[Start of section]

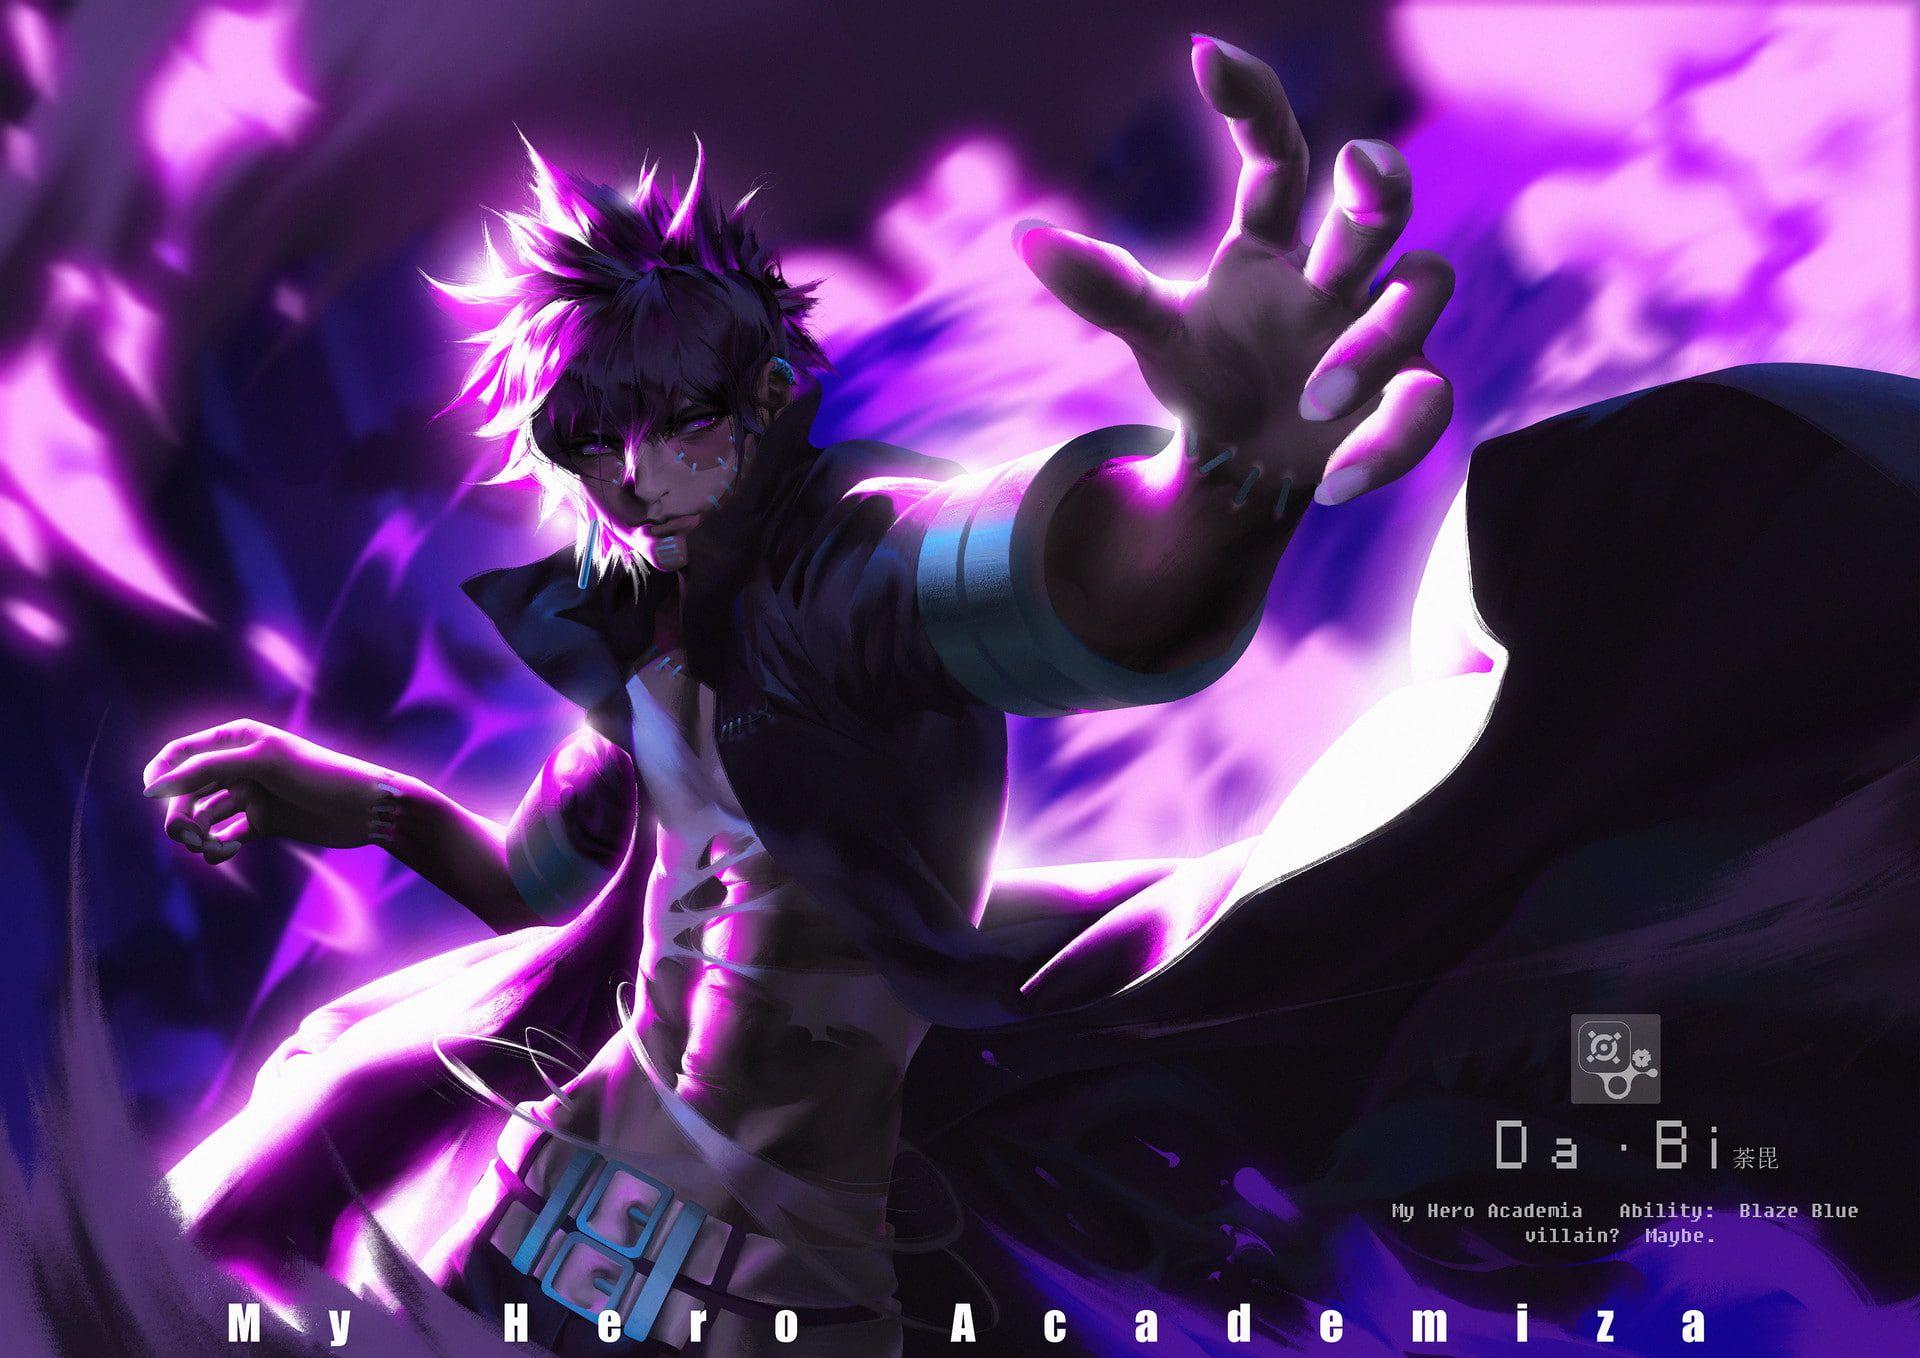 Anime My Hero Academia Dabi Boku No Hero Academia 1080p Wallpaper Hdwallpaper Desktop Boku No Hero Academia My Hero Academia Anime
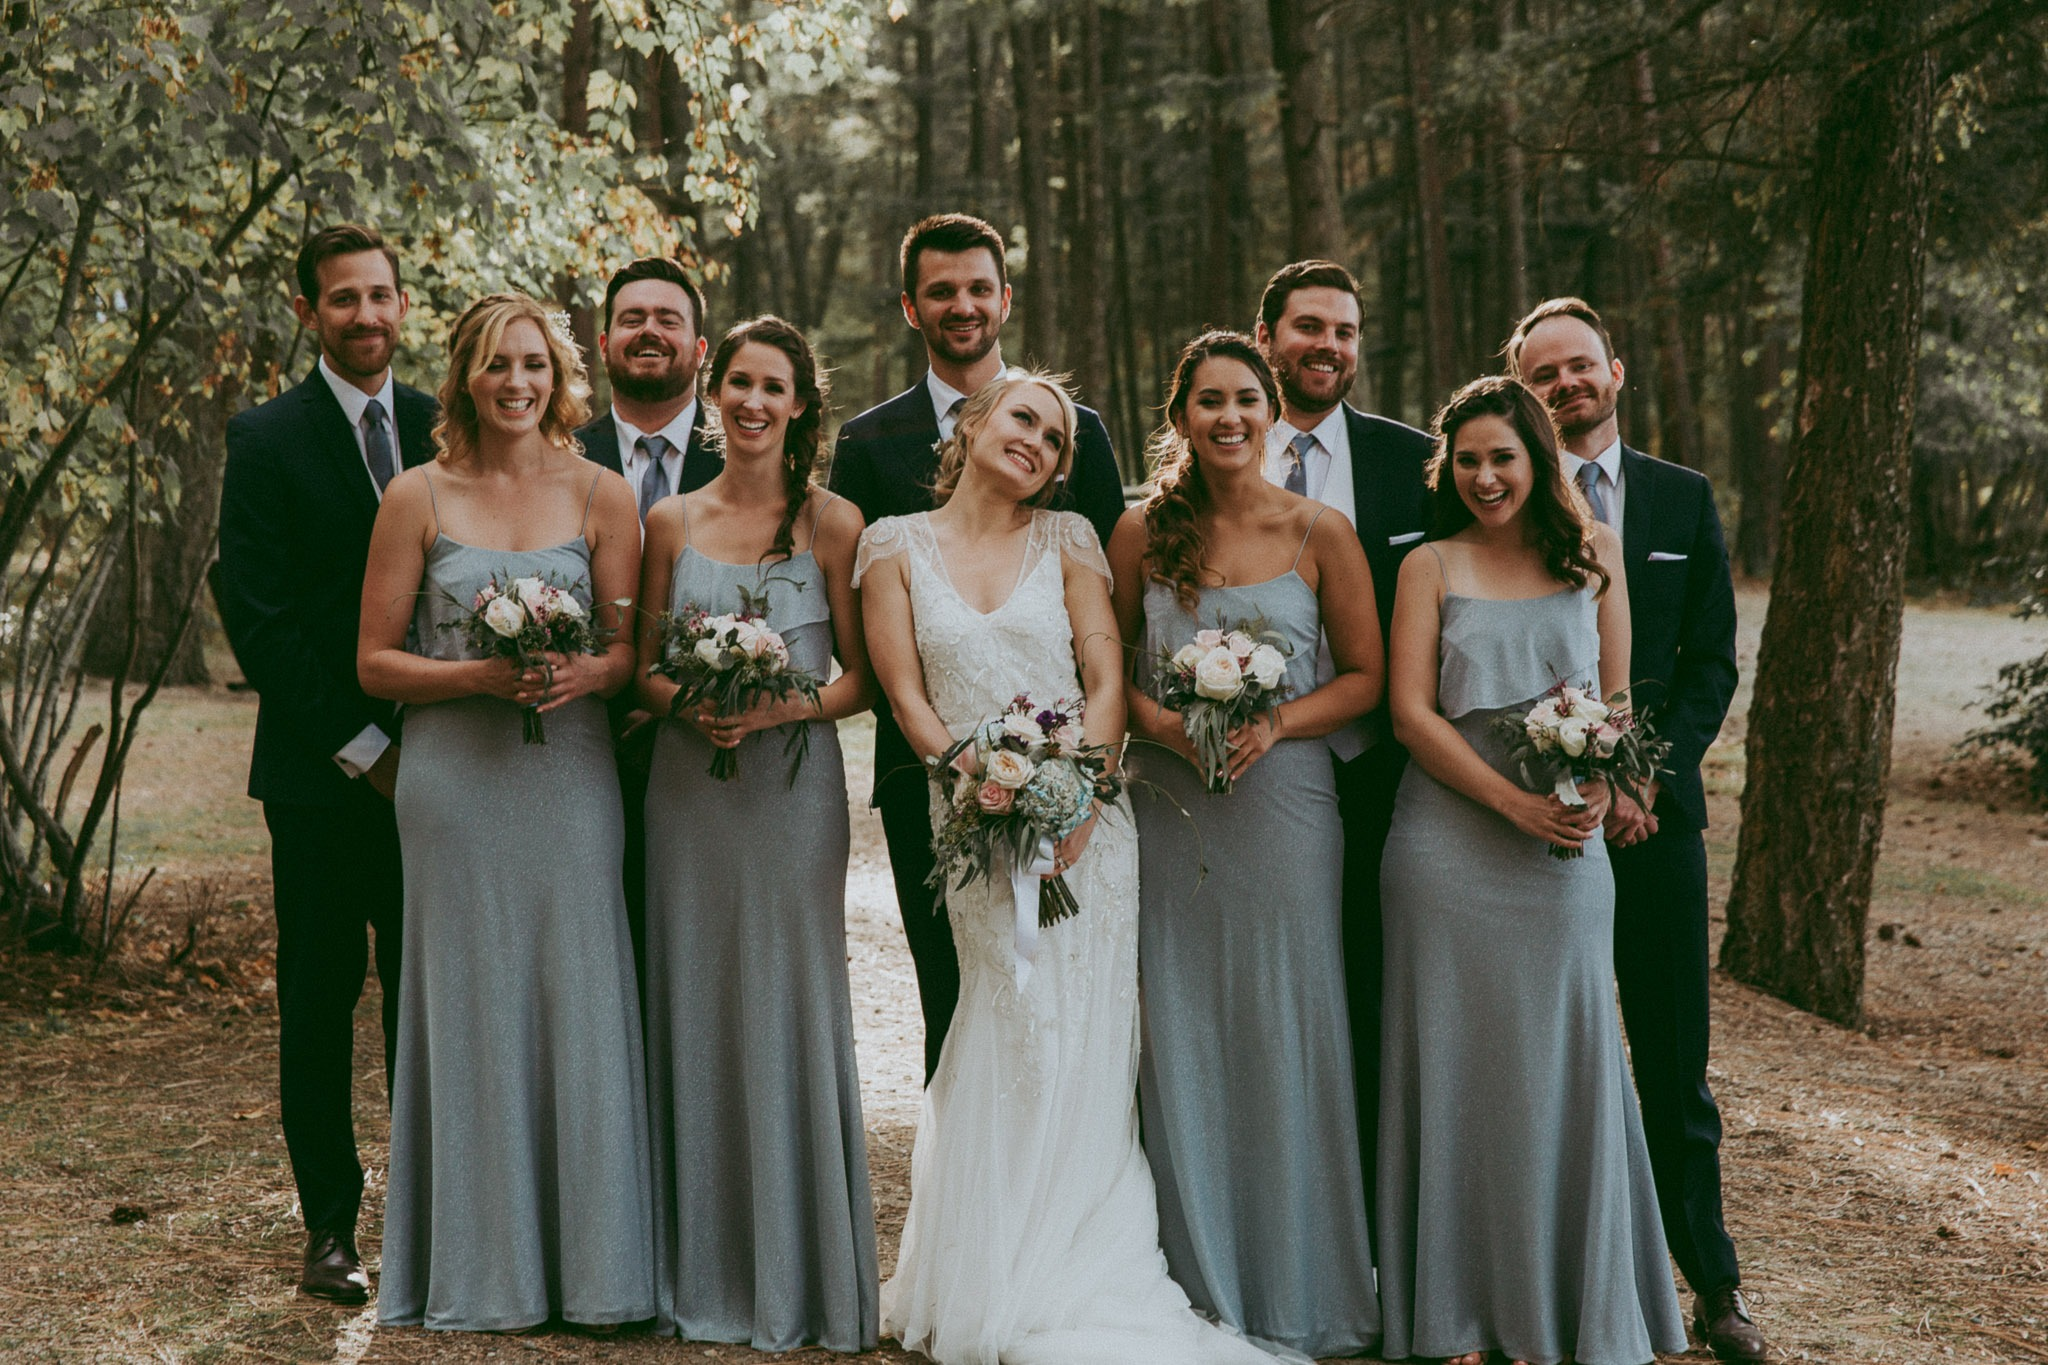 Kari edgren wedding
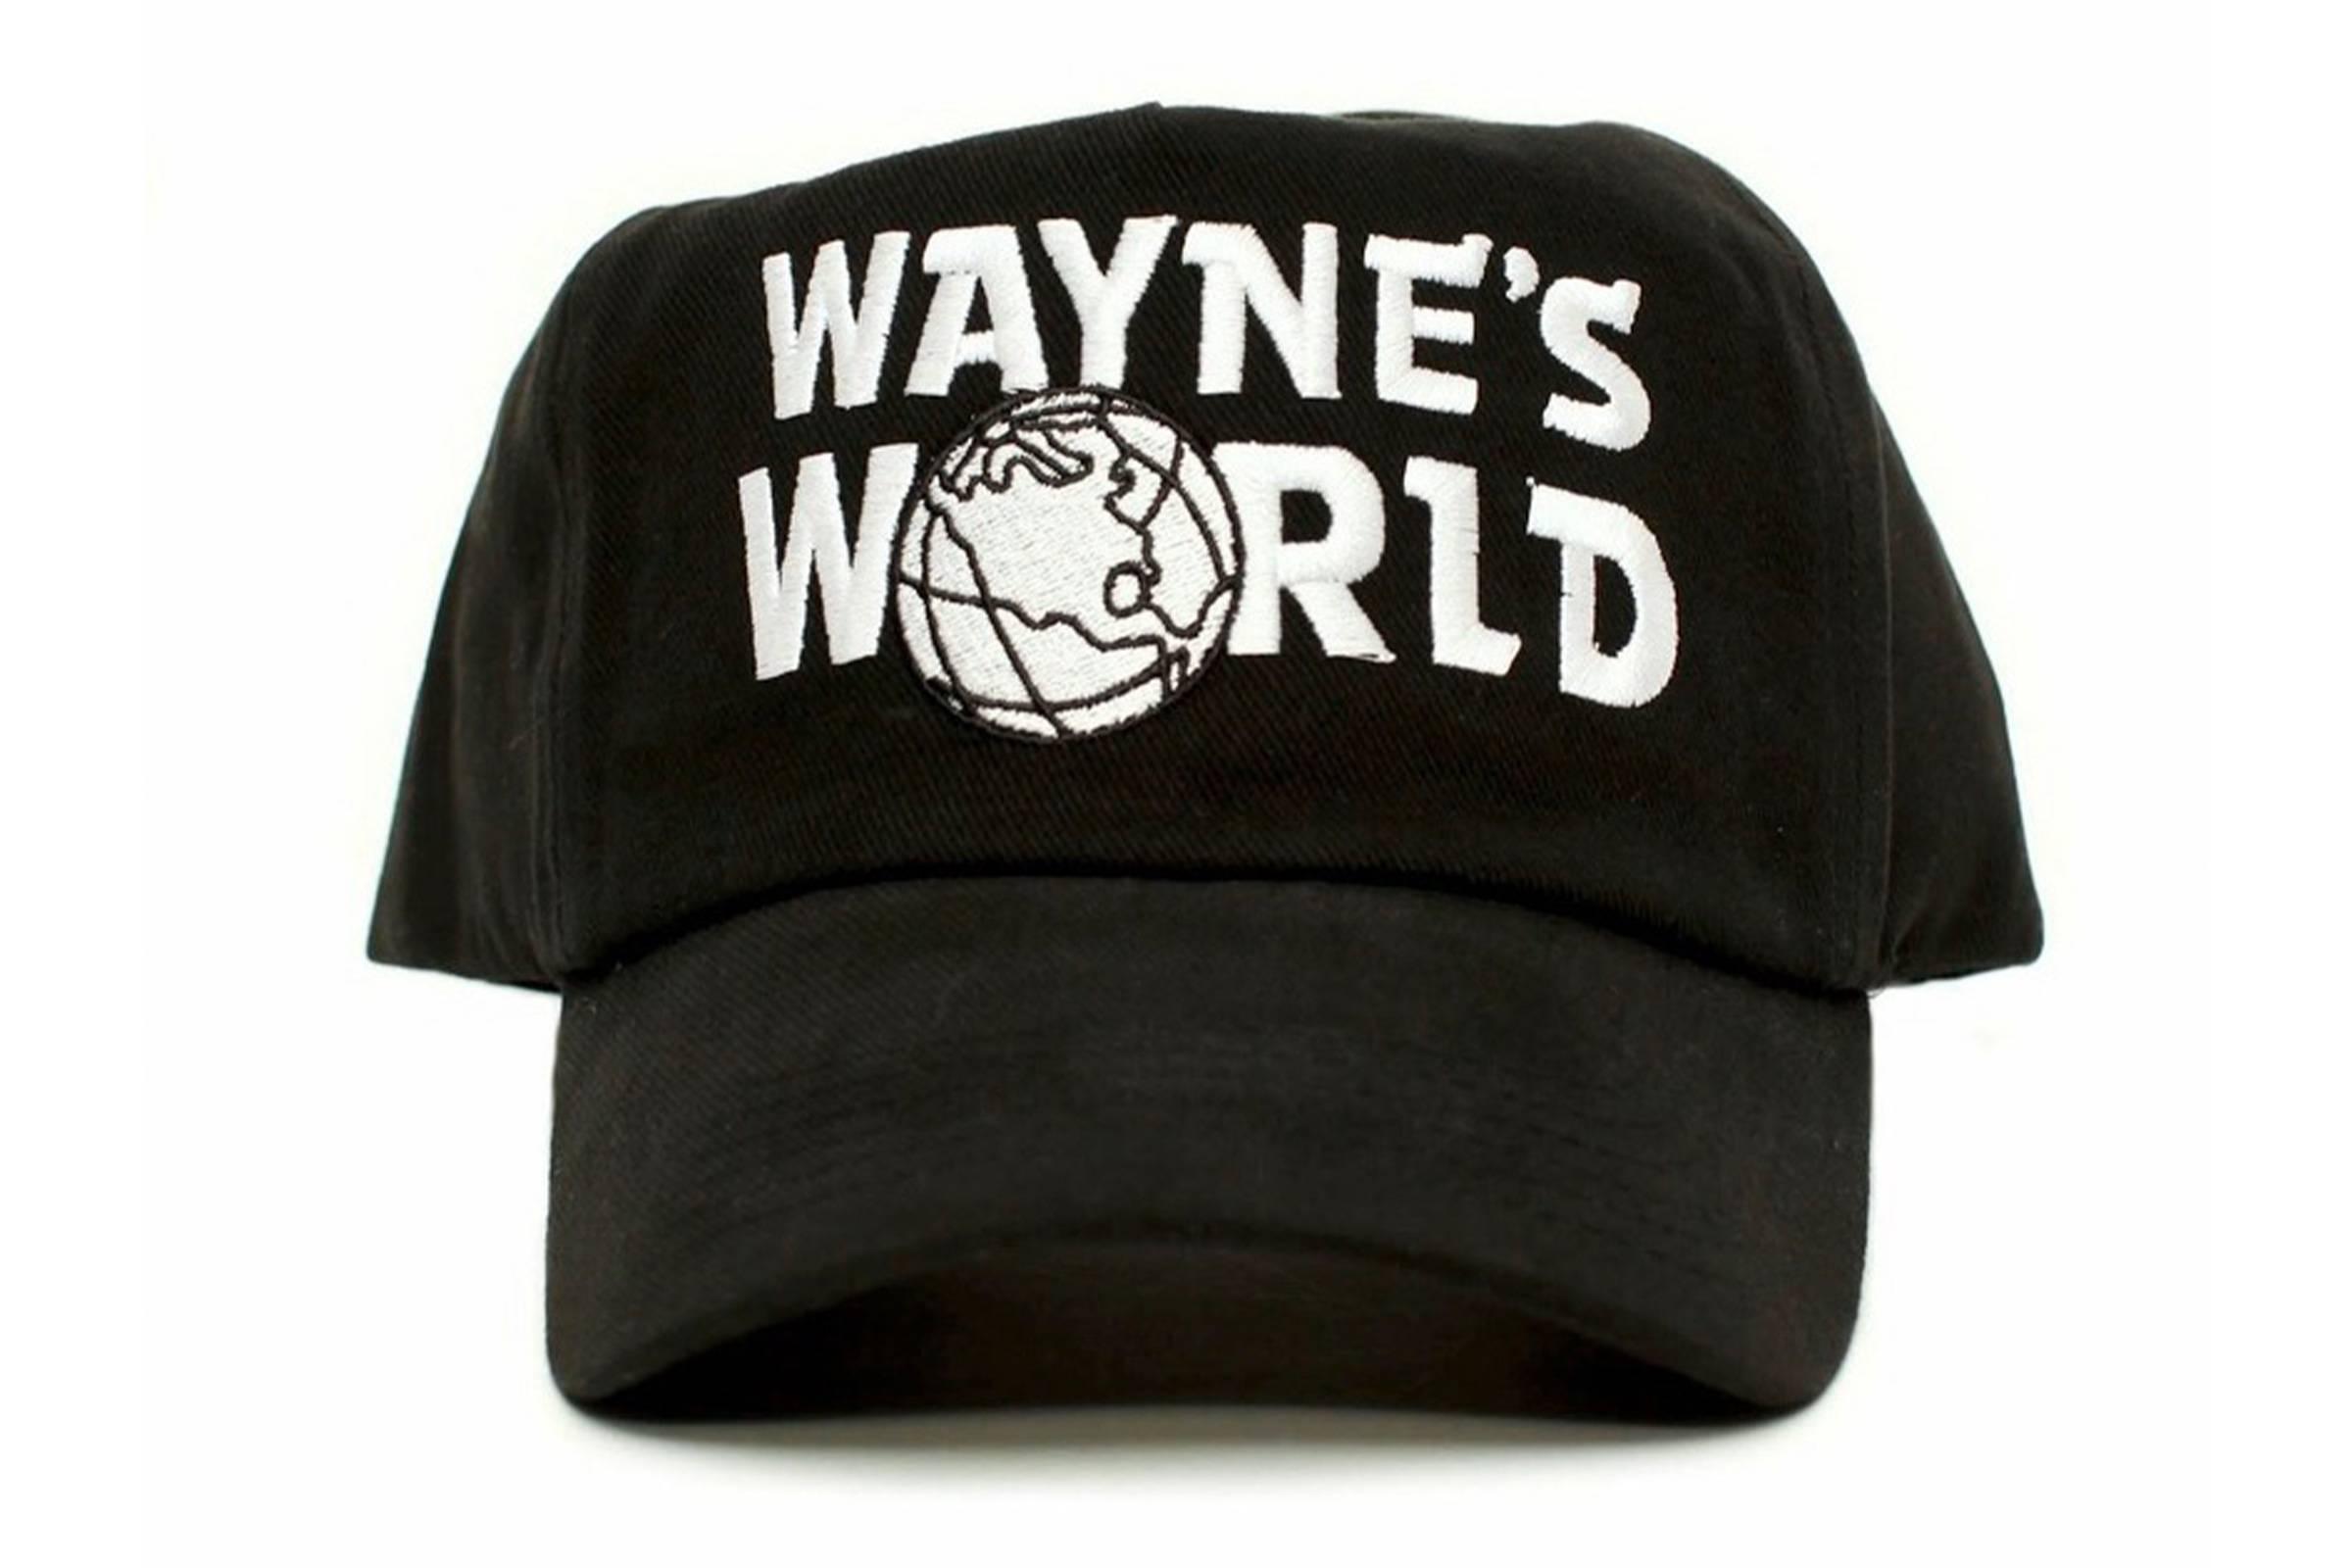 Vintage Wayne's World Cap

[End of section]

**Directions for this task**
Please return each line of the listing exactly as written, excluding the images.

**The completed task**
 Anime My Hero Academia Dabi Boku No Hero Academia 1080p Wallpaper Hdwallpaper Desktop Boku No Hero Academia My Hero Academia Anime
 Kari edgren wedding
 Vintage Wayne's World Cap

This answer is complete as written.